Now that the dust is finally settling on the election (except for the Jill Stein recount dustup), we can get back to our regular Monday spotlight on random acts of academic absurdity. Like the following article from the journal Human Relations, which seems designed to make any intelligible relation between a human reader and the text impossible:

Gender as multiplicity: Desire, displacement, difference and dispersion

Stephen Linstead, University of York, UK, and Alison Pullen, University of Technology, Sydney, Australia.

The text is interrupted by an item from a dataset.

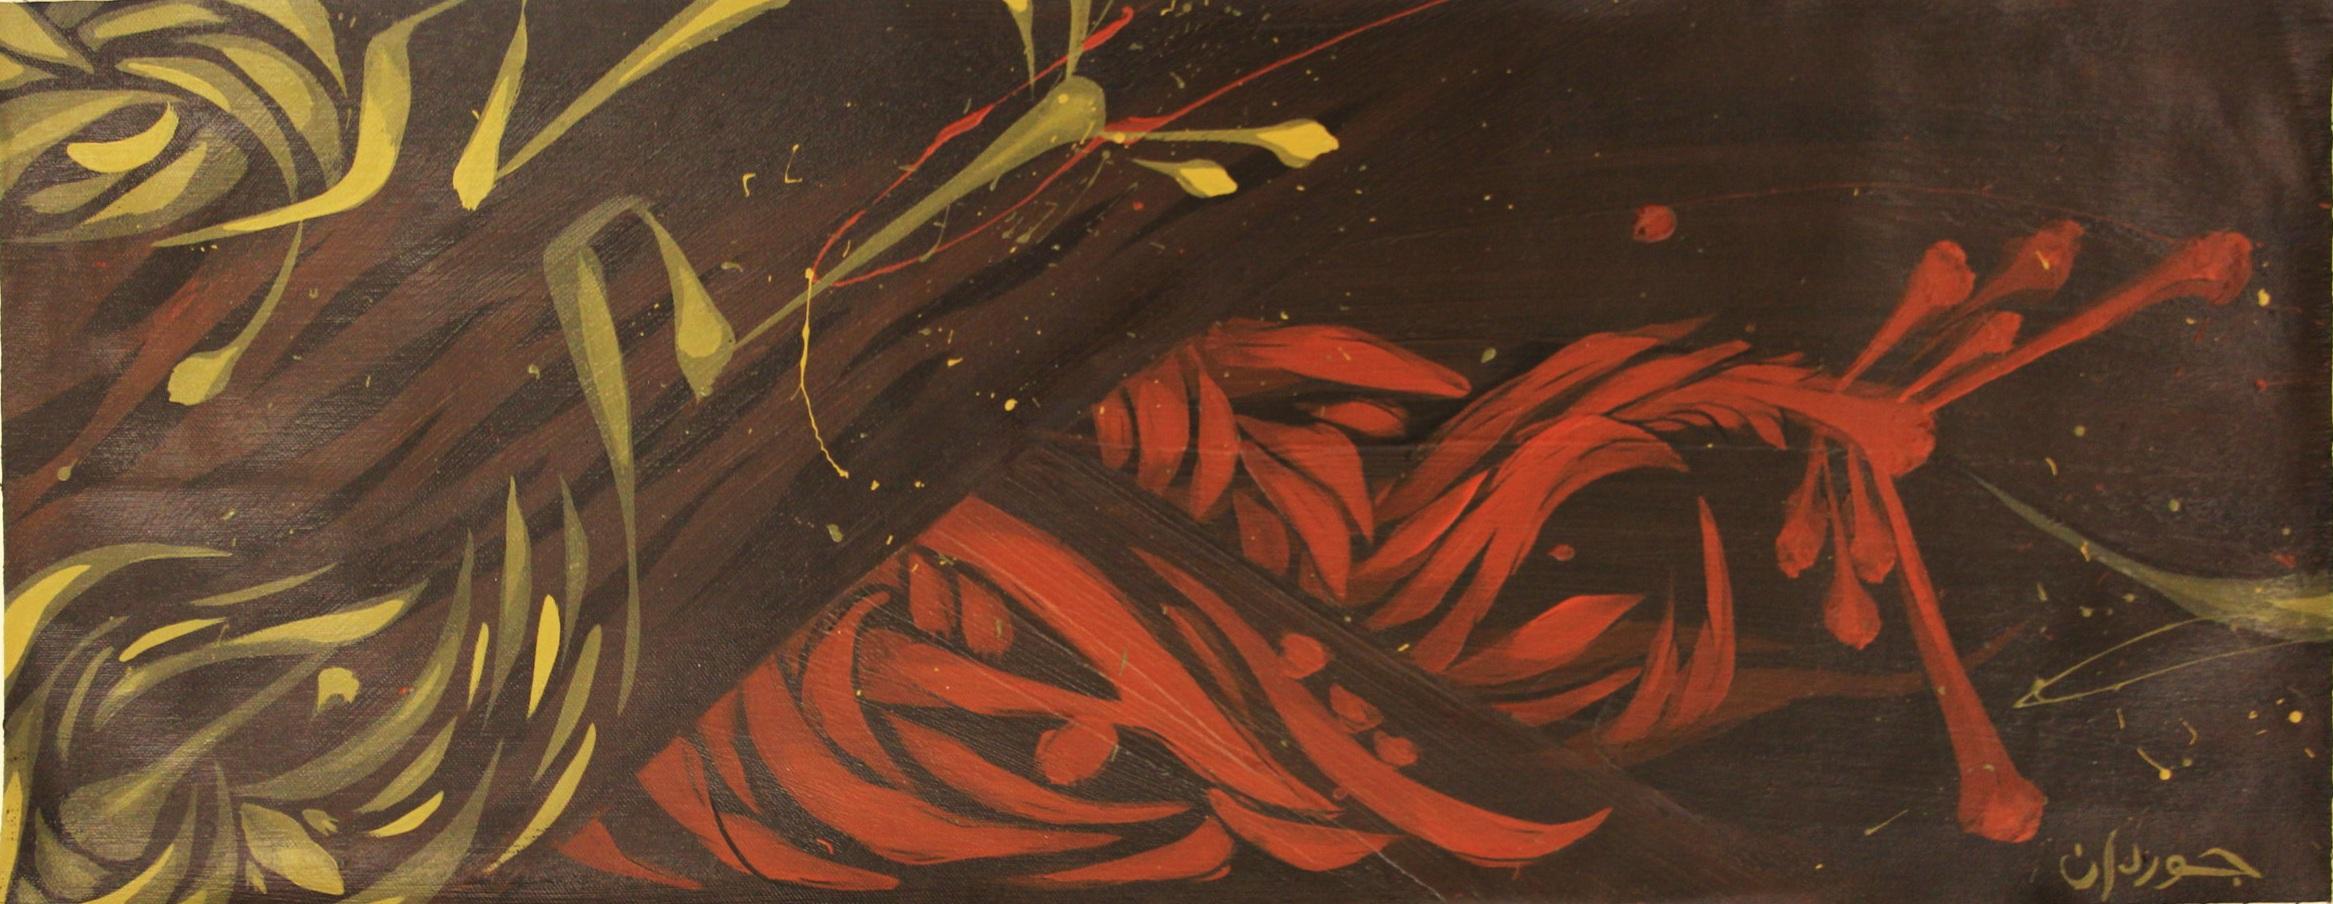 Acrylic on canvas, 2011

This article argues that although gender is no longer widely considered to be a property of individuals, the alternative of viewing it in terms of performativity, where it is the outcome of linguistic and social performances, unnecessarily limits the possibilities of thinking of gender as a form of multiplicity that is both internally and externally differentiated. Any attempt to move beyond binary thinking in gender relations initiates a consideration of multiplicity, and the way in which multiplicity is conceptualized exerts a critical influence on the possibilities that are opened up. This article interrogates existing understandings of multiplicity and finds three actual or possible types – multiplicities of the same, characteristic of feminist approaches which we critique through a reconceptualization of desire; multiplicities of the third, characterized by anthropological, transgender and queer theory approaches; and multiplicities of difference and dispersion, typified by the rhizomatics and fluid theorizing of Deleuze and Guattari, Grosz and Olkowski. We propose an ontology of gender as a creative and productive form of desire, realized as proliferation in Deleuze and Guattari’s model of the rhizome. Gender identity is accordingly rethought as immanence, intensity and consistency.

Got all that? Yeah, it seems like satire to me, too, but just in case, better order up a new batch of the old Voegelin t-shirts that warn, “Don’t let THEM immanentize the eschaton.”